On September 8, 2017, Trump signed a bill increasing the debt ceiling. Later that day, the debt exceeded $20 trillion for the first time in U.S. history. On February 9, 2018, Trump signed a bill suspending the debt ceiling until March 1, 2019. It was $22 trillion. In just two years,Trump has overseen the fastest dollar increase in the debt of any president.
Trump's Fiscal Year 2020 budget projects the debt would increase $5 trillion during his first term. That's as much as Obama added while fighting a recession. Trump has not fulfilled his campaign promise to cut the debt. Instead, he's done the opposite.
How It Affects You
The national debt doesn't affect you directly until it reaches a tipping point. A study by the World Bank found that if the debt-to-GDP ratio exceeds 77 percent for an extended period of time, it slows economic growth. Every percentage point of debt above this level costs the country 1.7 percent in economic growth.

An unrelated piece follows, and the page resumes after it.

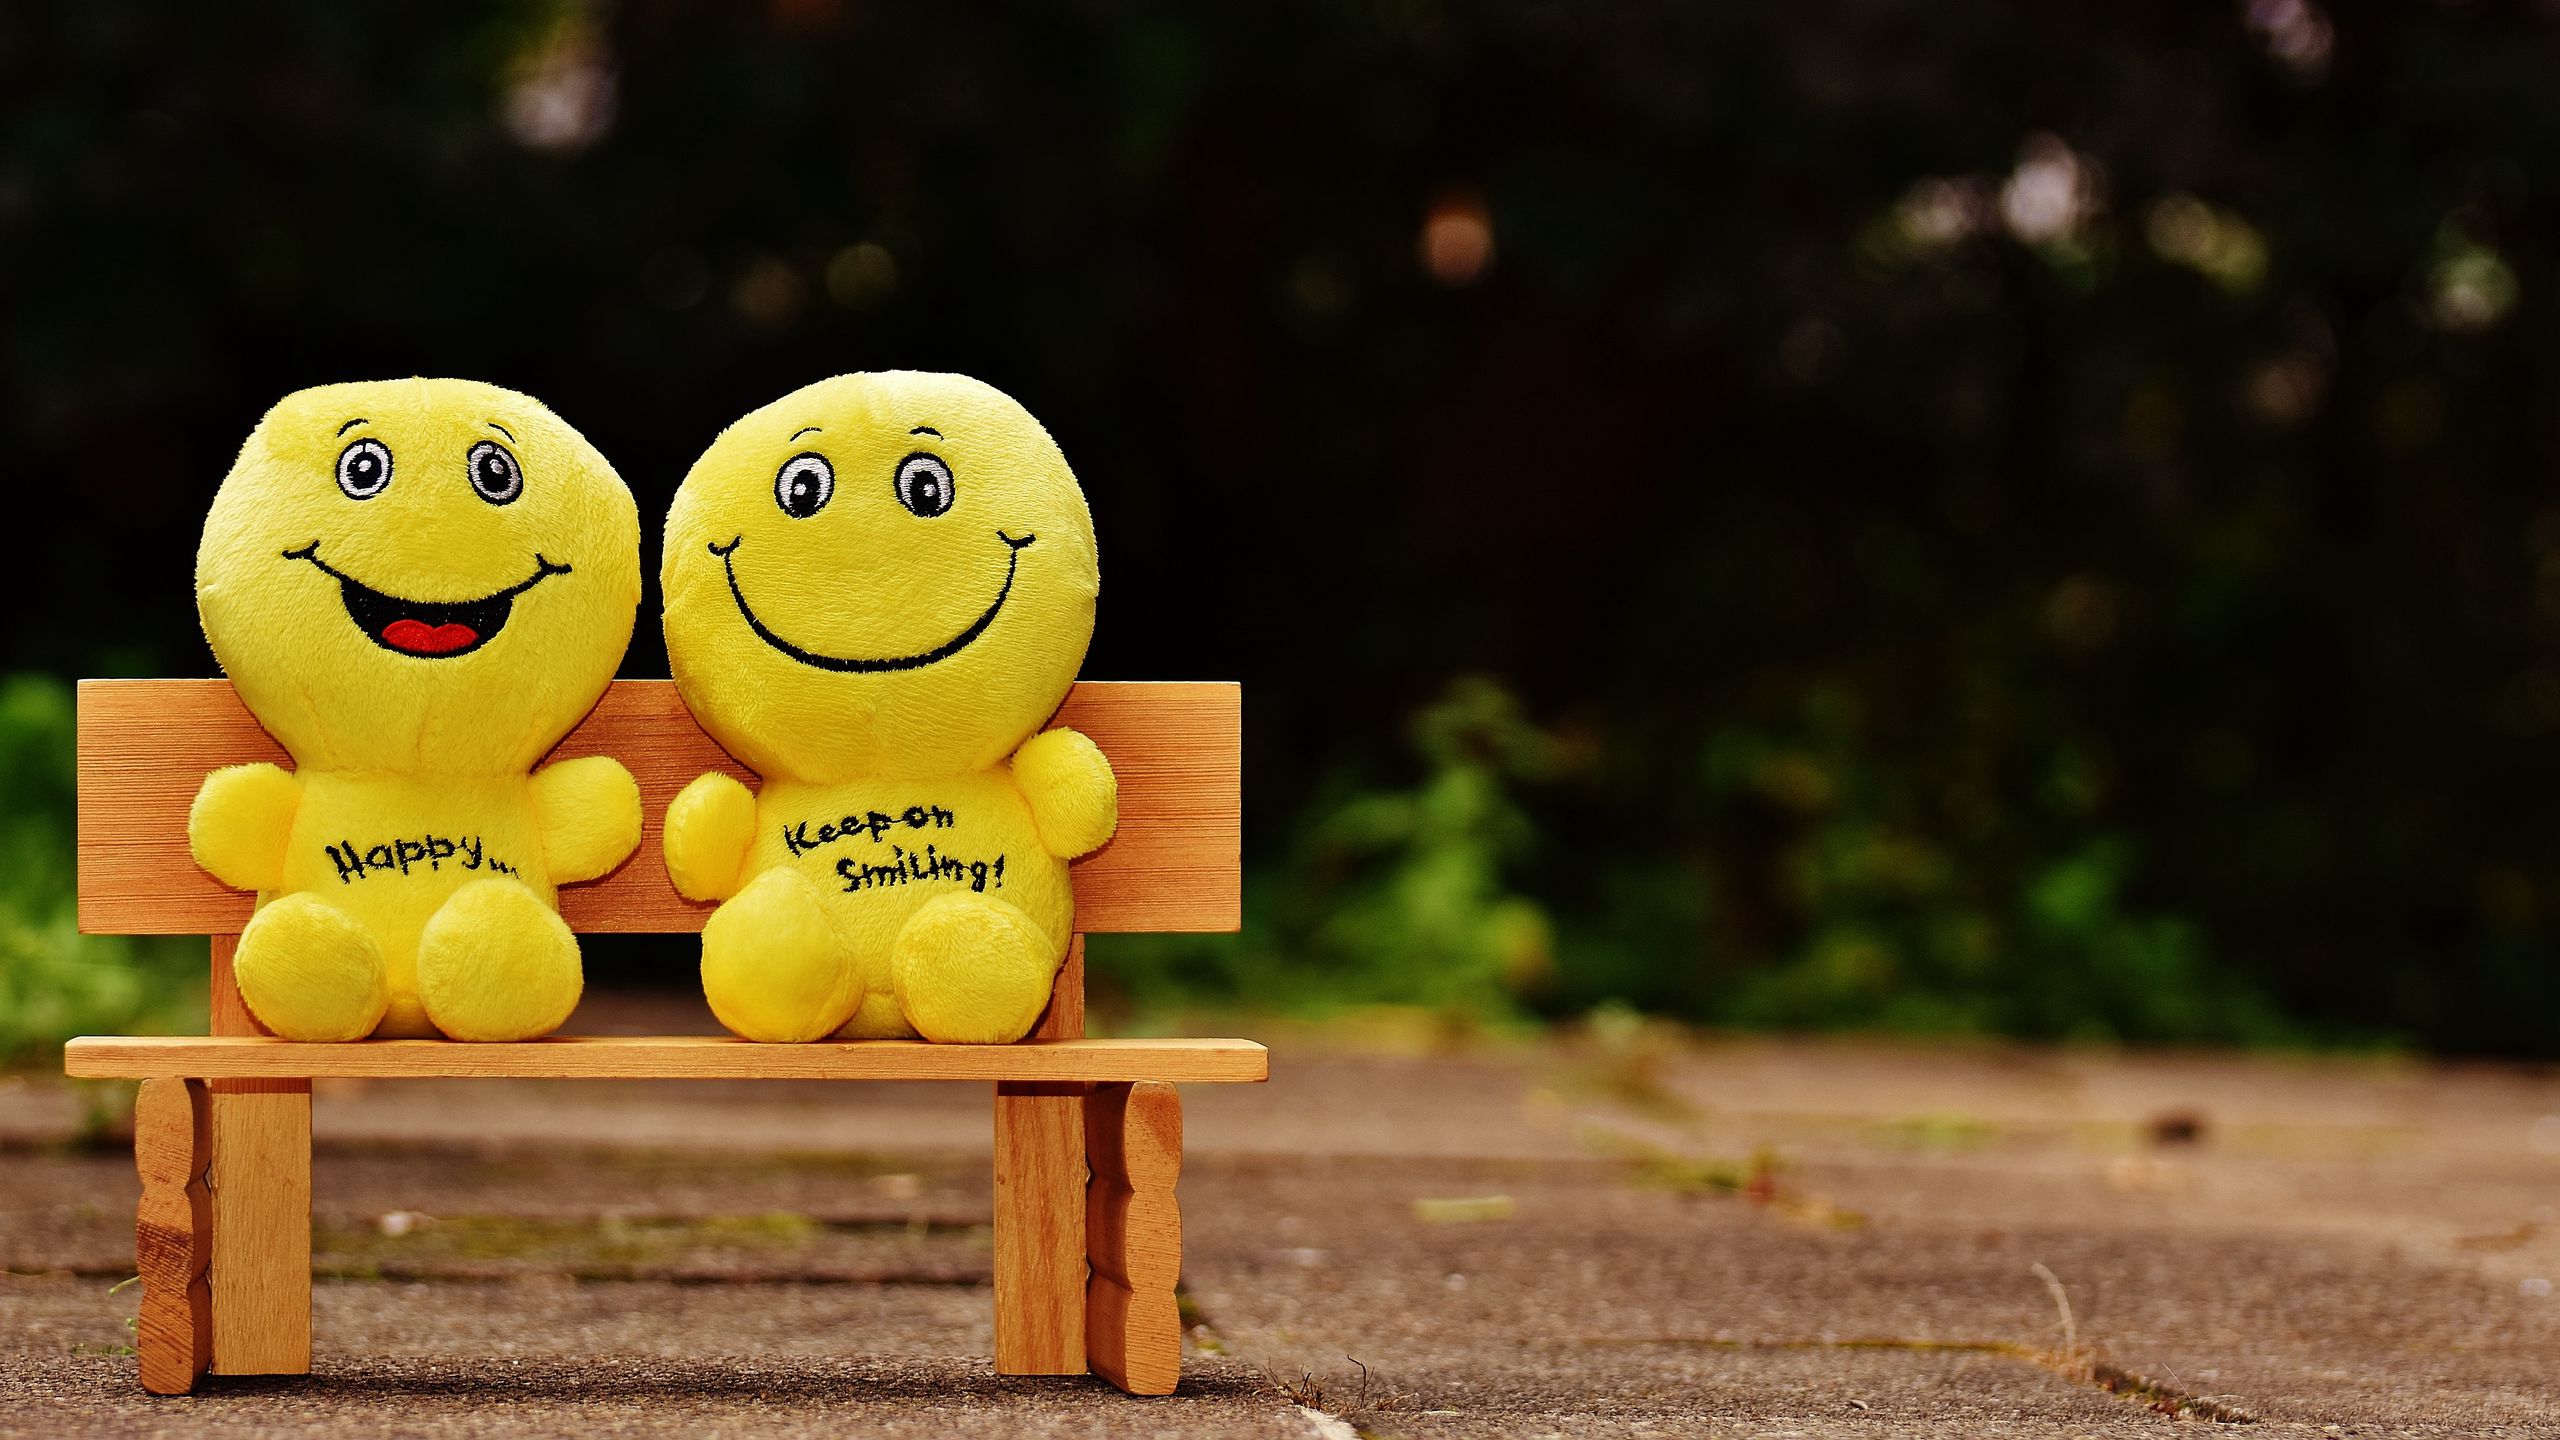 2560x1440 Wallpaper smiles, happy, cheerful, smile, bench, cute
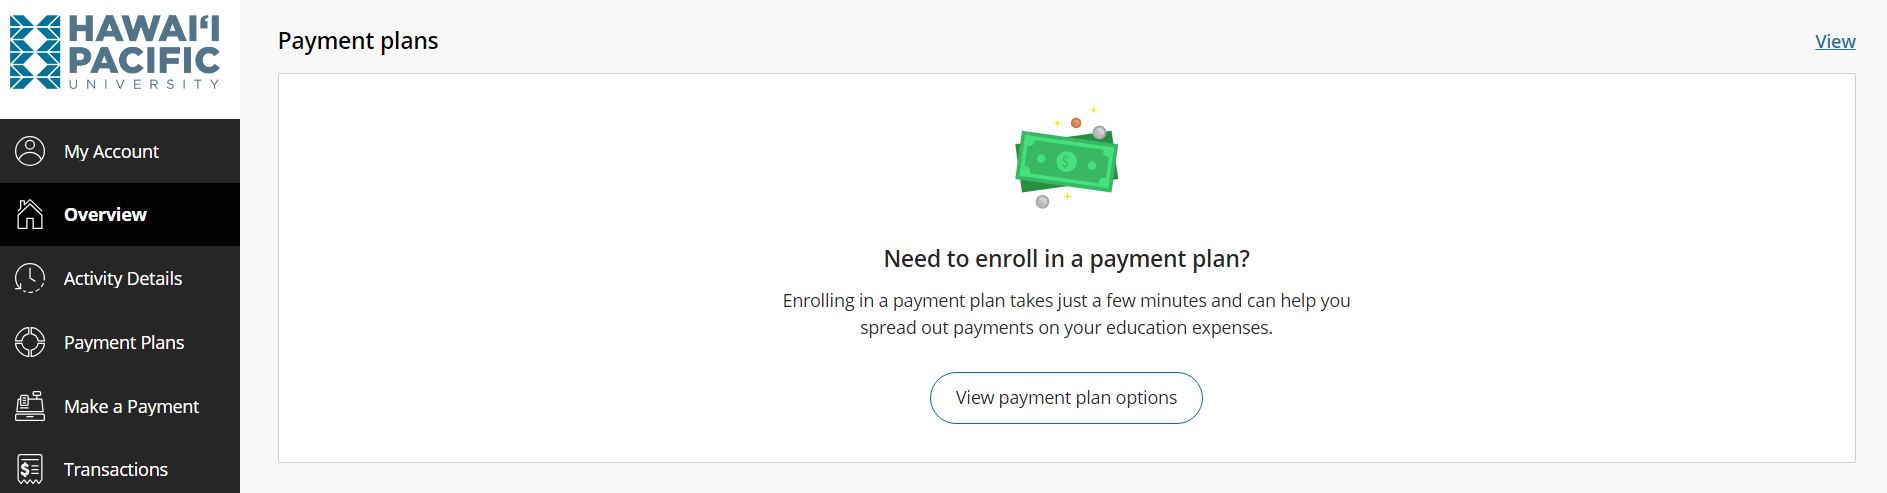 image of the payment portal; click on view payment plan options

The first sign of trouble is when interest rates start to rise significantly. Investors need a higher return to offset the greater perceived risk. They start to doubt that the debt can be paid off.
The second sign is that the U.S. dollar loses value. You will notice that as inflation. Imported goods will cost more. Gas and grocery prices will rise. Travel to other countries will also become much more expensive.
As interest rates and inflation rise, the cost of providing benefits and paying the interest on the debt will skyrocket. That leaves less money for other services. At that point, the government will be forced to cut services or raise taxes. That will further slow economic growth. At that point, continued deficit spending will no longer work.